The California Legislative Analyst's Office provided an estimate of net state and local government fiscal impact for Proposition 220. That estimate was:
- "Unknown net fiscal impact to the state from consolidation of superior and municipal courts. To the extent that most courts choose to consolidate, there would likely be annual net savings in the millions to tens of millions of dollars in the long term."
- "The California Constitution provides for superior and municipal courts, referred to as the state's "trial courts." Currently, the state and the counties pay for the operation of the trial courts. Recent changes in law require that the state pay for all future increases in operating costs, beginning on July 1, 1997.

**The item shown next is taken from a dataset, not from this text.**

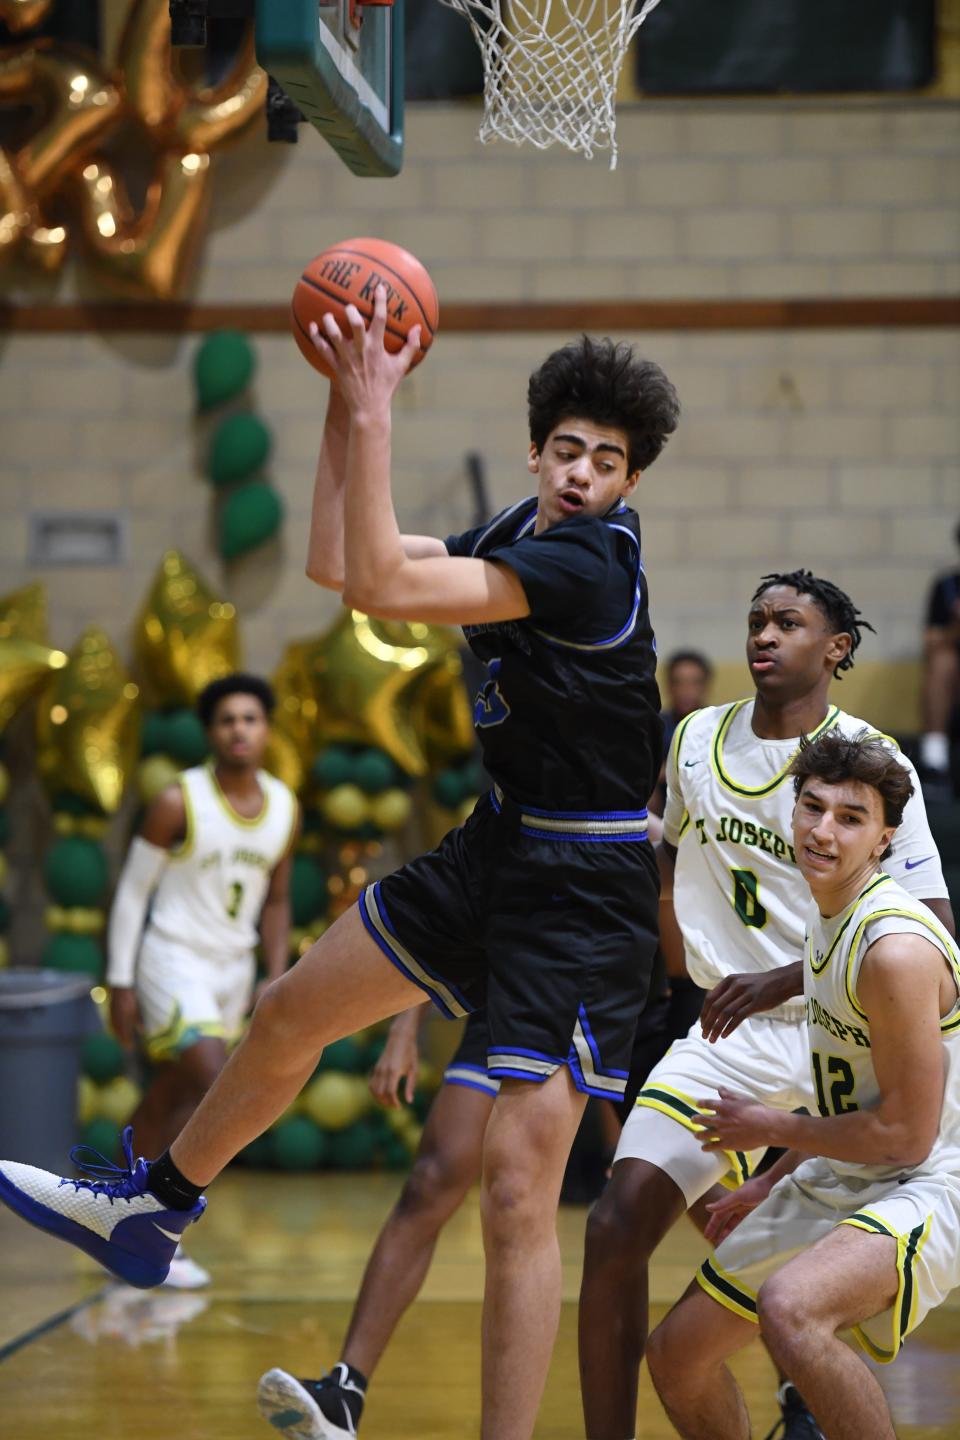 Tyler Tejada, shown here earlier in his career, led Teaneck to a 68-62 win over Eastside in the Teaneck Classic Showcase on Saturday, January 21, 2023.

- Superior courts generally handle cases involving felonies, family law (for example, divorce cases), juvenile law, civil lawsuits involving more than $25,000, and appeals from municipal court decisions. Each of the state's counties has a superior court. Currently, there are 805 superior court judgeships.
- Municipal courts generally handle misdemeanors and infractions and most civil lawsuits involving disputes of $25,000 or less. Counties are divided into municipal court districts based on population. Currently, there are 675 municipal court judgeships.
- Current law requires trial courts to improve their operations in a variety of ways. For example, judges of either court may hear both superior and municipal court cases and staff can be shared between the superior and municipal courts within a county."
Path to the ballot
Proposition 220 was voted onto the ballot by the California State Legislature via SCA 4.